Puisi : Serdadu Pilu



    Sebagai negara berdaulat, kehadiran pemimpin selalu dinanti oleh rakyat. Pemimpin adalah orang spesial yang memiliki posisi berharga bagi masa depan bangsa. Mau dibawa kemana negeri ini, bergantung pada sosok pemimpin negeri. Maka tak heran, jika seorang pemimpin menjadi harapan bagi semua umat.
.
    Hemat penulis, Pemimpin memiliki makna laksana merpati. Ia memiliki pribadi yang lembut dan mampu setia mengayomi pada rakyat. Ia tak tergoda pada permainan politik yang tidak sehat. Pemimpin juga tercermin pada diri Ratu Semut. Ia bekerja tak pernah luput dari memikirkan rakyat. Ia mensiasati semua kemungkinan yang akan terjadi dan selalu memikirkan masa depan dan cita-cita bangsa. Seorang pemimpin juga memiliki jiwa pemberani laksana Raja Rimba, akan tetapi keberanian itu disertai dengan hati nurani yang tahan emosi. Ia menggunakan keberaniannya hanya untuk melindungi, memberi kenyamanan dan ketentraman rakyat, bukan berambisi pada kepentingan pribadi. Seorang pemimpin tak lupa memiliki sikap bagai Si Induk Ayam yang adil terhadap rakyat. Ia tidak memikirkan perut sendiri, mampu berlaku secara adil pada semua rakyat untuk dipenuhi hak-haknya.
.
    Dengan memahami makna pemimpin di atas, hemat penulis seorang pemimpin itu memiliki tanggung jawab yang tidak mudah. Di samping pada besarnya program yang harus dijalankan, dalam perjalanannya seorang pemimpin harus menuai banyak rintangan dan godaan. Maka tak heran, jika kehadiran pemimpin di negeri ini belum sepenuhnya sesuai dengan harapan rakyat. Banyak janji-janji pemimpin yang hanya menjadi dongeng sesaat. Mereka para pemimpin tergoda dengan gelar jabatan dan penguasa, sehingga lupa pada substansi seorang pemimpin yang sebenarnya.
.
    Oleh karena itu, sebagai rakyat dengan sejuta harapan dan cita-cita bangsa, marilah kita sadar, bahwasanya kita bukan hidup di negeri kayangan, yang semua keinginan dan harapan bisa dicapai dengan cara instan.

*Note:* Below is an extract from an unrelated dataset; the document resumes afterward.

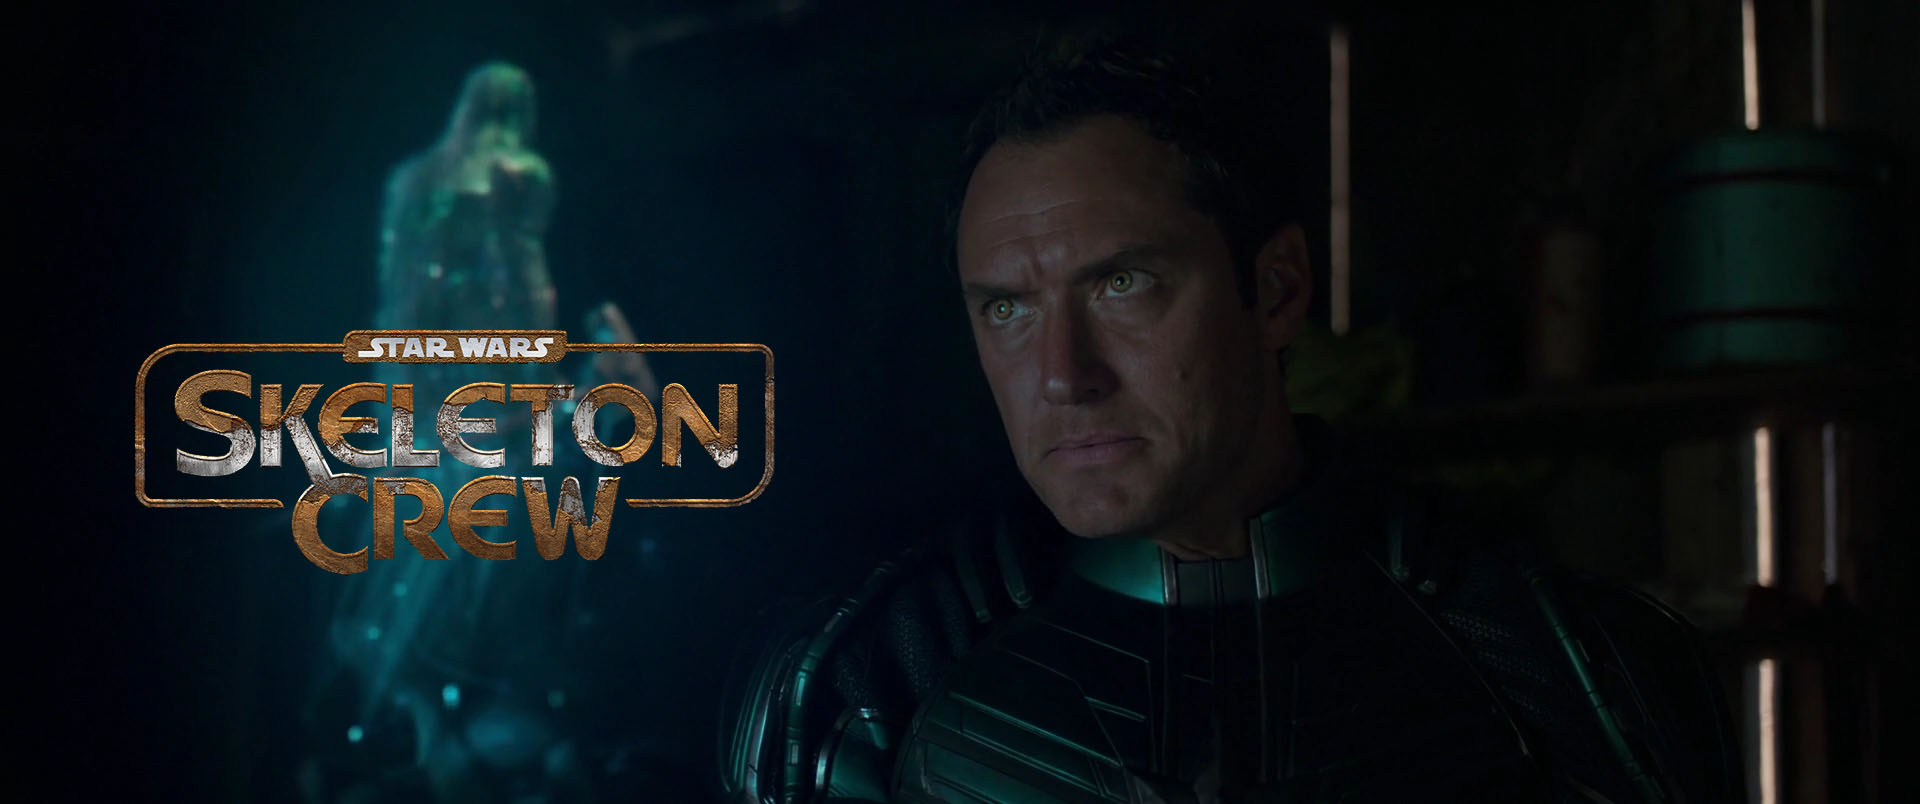 Jon Watt's 'Star Wars Skeleton Crew' Casts Jude Law Knight Edge Media

Kita hidup dalam kondisi yang mana impian dan harapan bangsa bisa diwujudkan dengan proses yang panjang. Tidak mudah membangun bangsa dan negara. Ia membutuhkan semua elemen yang mesti bersatu padu, membentuk kesatuan yang solid. Jika kita akan berharap pada pemimpin negeri, maka hendaklah kita menjadi rakyat yang cerdas, mampu menentukan sikap dan jangan mau diberi janji tanpa ada kepastian yang pasti.
.
.
Salam dari saya,
M. Khakim Maulana

Tidak ada komentar:

Posting Komentar

DISKUSI MATERI 2

...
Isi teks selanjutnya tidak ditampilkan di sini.